2. I did this after finishing the tutorial, and installing ISPConfig (ISPConfig configures bind)
The file "named.conf.local" is first created when you start to add DNS Zones in ISPConfig,
so until then starting bind fails with the error that it can't find this file.
So we create the file and give the same permissions as "/etc/named.conf"

Code:

touch /etc/named.conf.local
chown root:named /etc/named.conf.local
chmod 640 /etc/named.conf.local

Now bind starts ok, and it seems to work, because we have no zones set up

3. Next problem was the "bad zone" / "has no NS records error" when creating DNS zones in ISPConfig.
This gave me the most headache of them all, and took the longest to solve, but it turned out the solution is actually really simple,
and it is given to us in the error message itself:
"zone YOURDOMAINNAMEHERE/IN: has no NS records"
It can't say more clear than that
So, in the DNS zone records in ISPconfig i just had to add NS records like so:
Zone: [LEAVE BLANK]
Nameserver Hostname: ns1.ZONENAME
TTL: 86400
Active: [checked]

And another one for ns2, though i'm not sure it was really necessary.

Then, just make sure you have A records for [BALNK], www, ns1, ns2.

That's it, problem solved!

Note: It is true that changes made by ISPConfig take some time, so please be patiend, wait for a few minutes until veryfing.
In order to verfy if your zone files are ok you can use the following command:

Code:

named-checkzone ZONE_NAME /var/named/ZONE_FILE

At this point, DNS only worked locally, external queries were rejected.

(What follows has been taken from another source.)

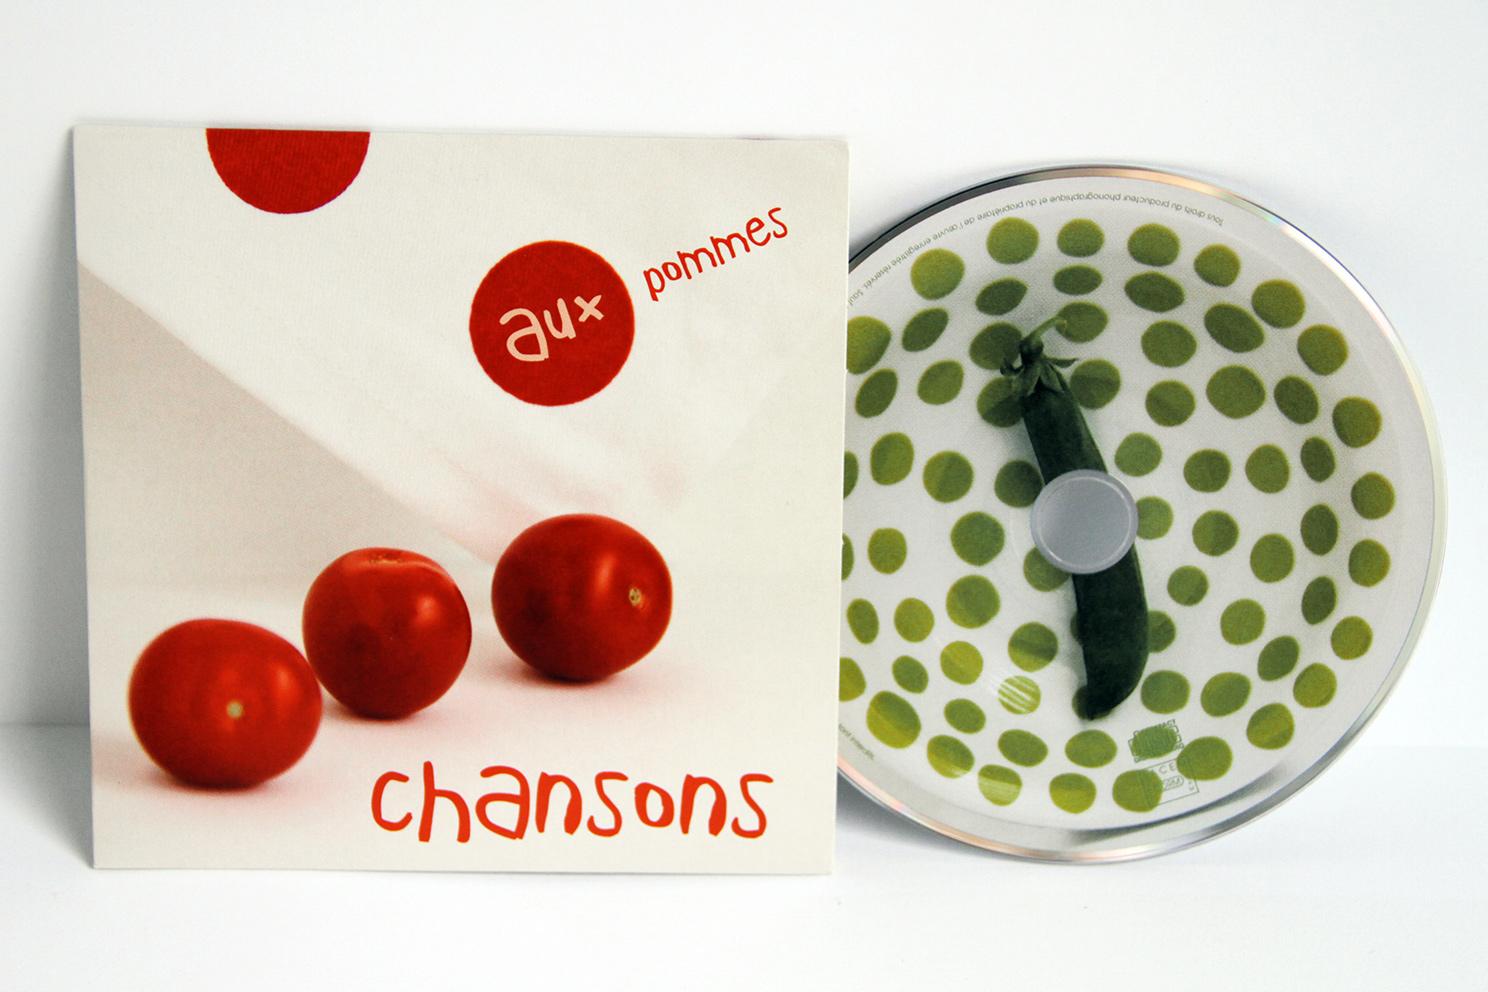 CHANSONS_POMMES_CD
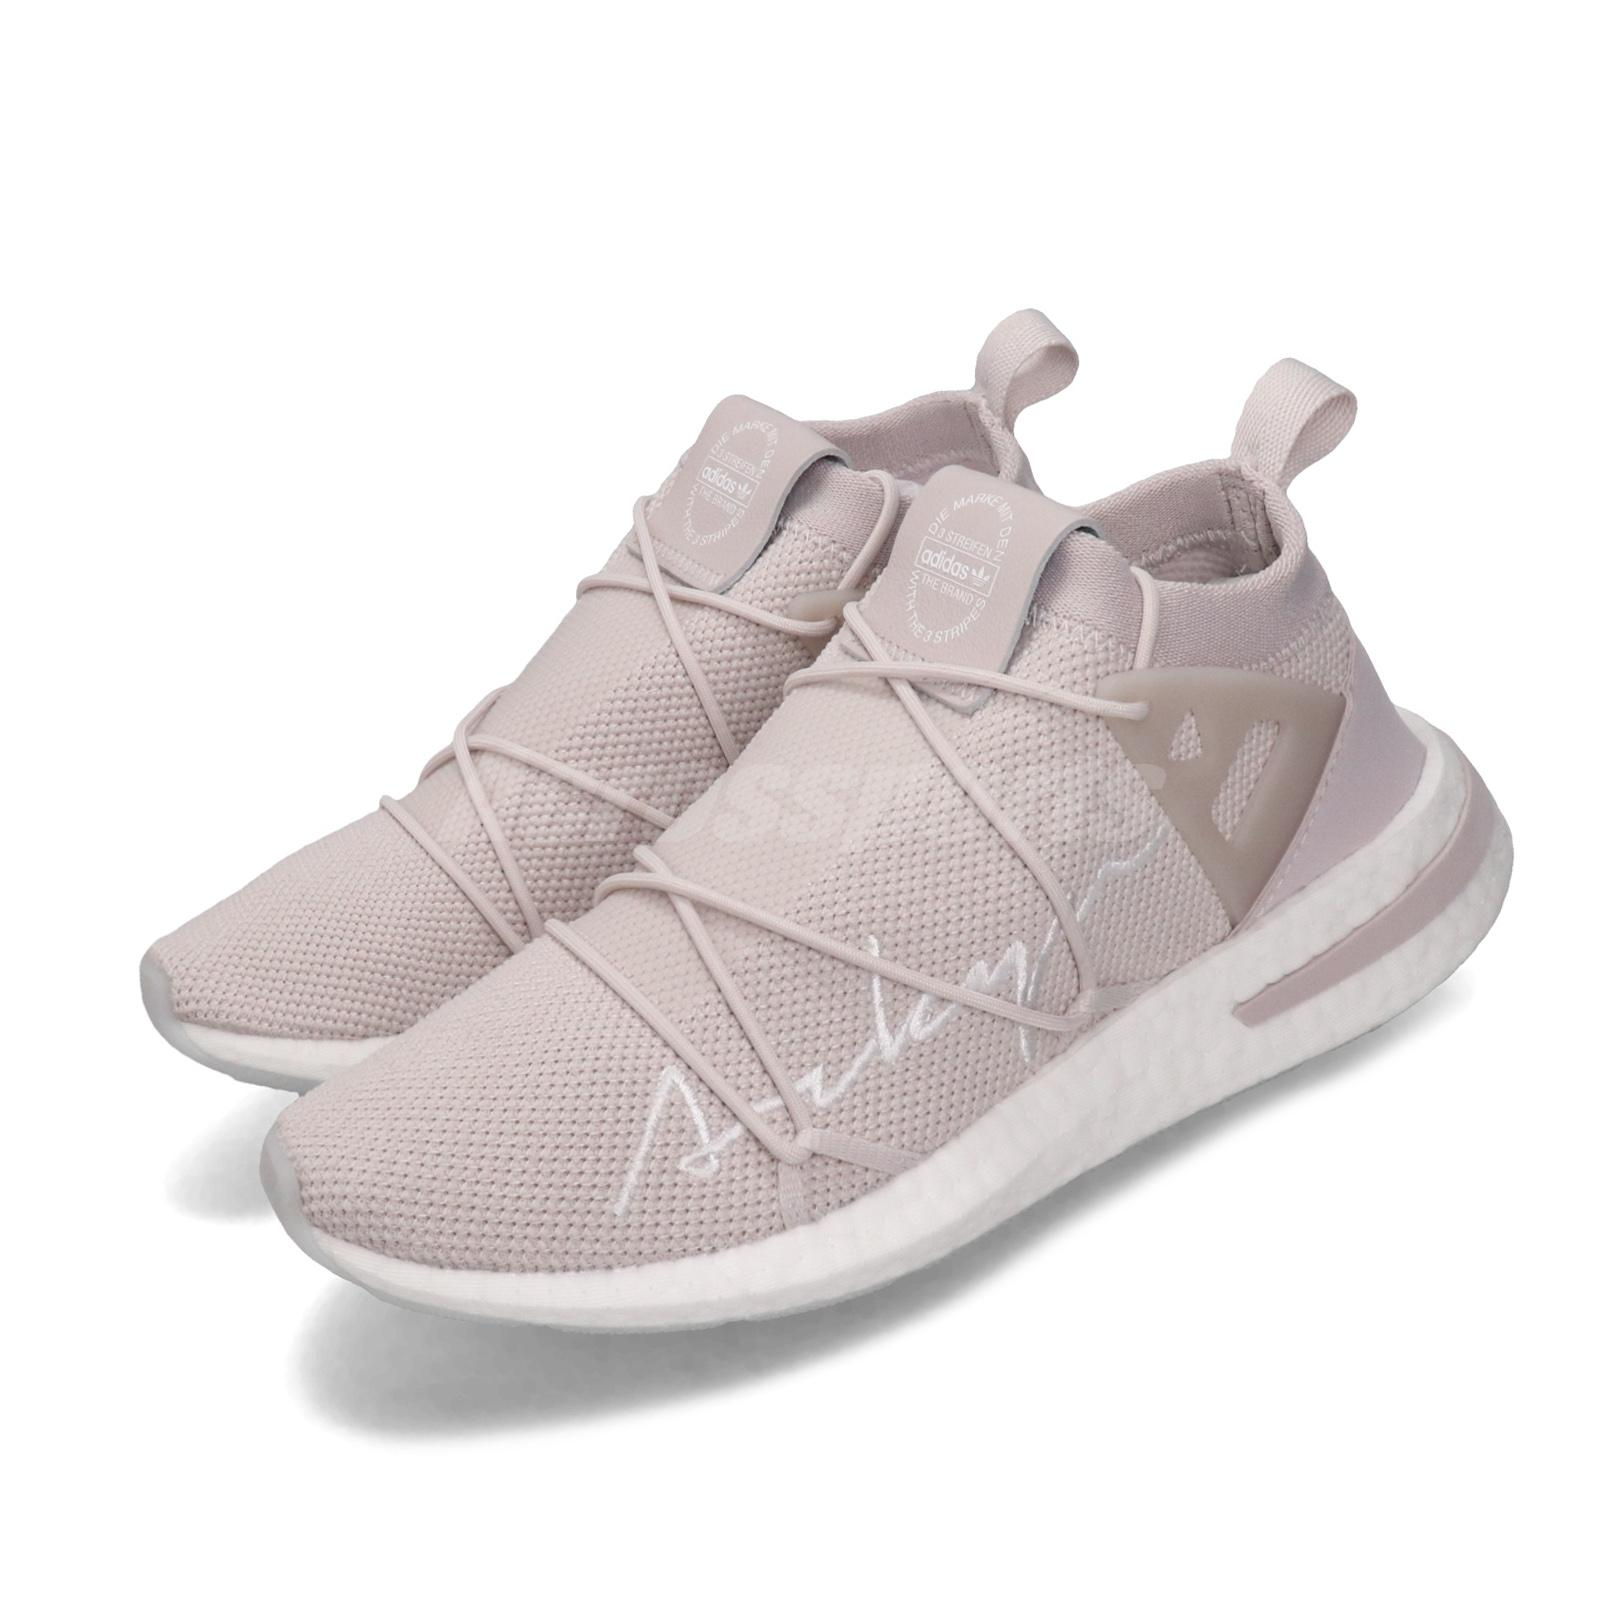 Adidas Originals Arkyn Knit W Boost Ice Purple White Wo

4. So i modified the file "./etc/named.conf" like so:

Code:

listen-on port 53 { 127.0.0.1;};

became

Code:

listen-on port 53 { 127.0.0.1; SERVER_IP;};

and

Code:

allow-query {localhost; } 

became

Code:

allow-query {any; } 

I tried @MrCompTech's method with SERVER_IP/24 but it dind't work until i changed to all.

In order to verify is everything is ok, you can use these commands:

Code:

host DOMAIN_NAME

Code:

nslookup DOMAIN_NAME

Code:

dig DOMAIN_NAME @localhost

(to check if it works locally)

Code:

dig DOMAIN_NAME

(to check if it works externally)

This is it. Hope this helps someone!

 

Solve problem in DNS on ISPConfig 3

I solve this problem with a little different way....

Base on Fedora Core 13, bind running in chroot mode.

First I try:
#ln -s /etc/named.conf.local /var/named/chroot/etc/named.conf.local

But not solve, the error message now is that file named.conf.local is not valid.

Than I try:
#ln -P /etc/named.conf.local /var/named/chroot/etc/named.conf.local

THAT´S IT!!! Now working!!!
Don´t forget to create domain zone file.

[]s
Fabricio Figueiredo Leao <[email protected]>
Technologist in computer network

 

Works!!!!

THANKS IT WORKED GREAT!

Not sure why it took me so long to Goog the answer !

 

Hi
I can't add "trusted-servers;" in "allow transfert zone..." I would be a nice feature... no?

 

Disregard last post... found the answer!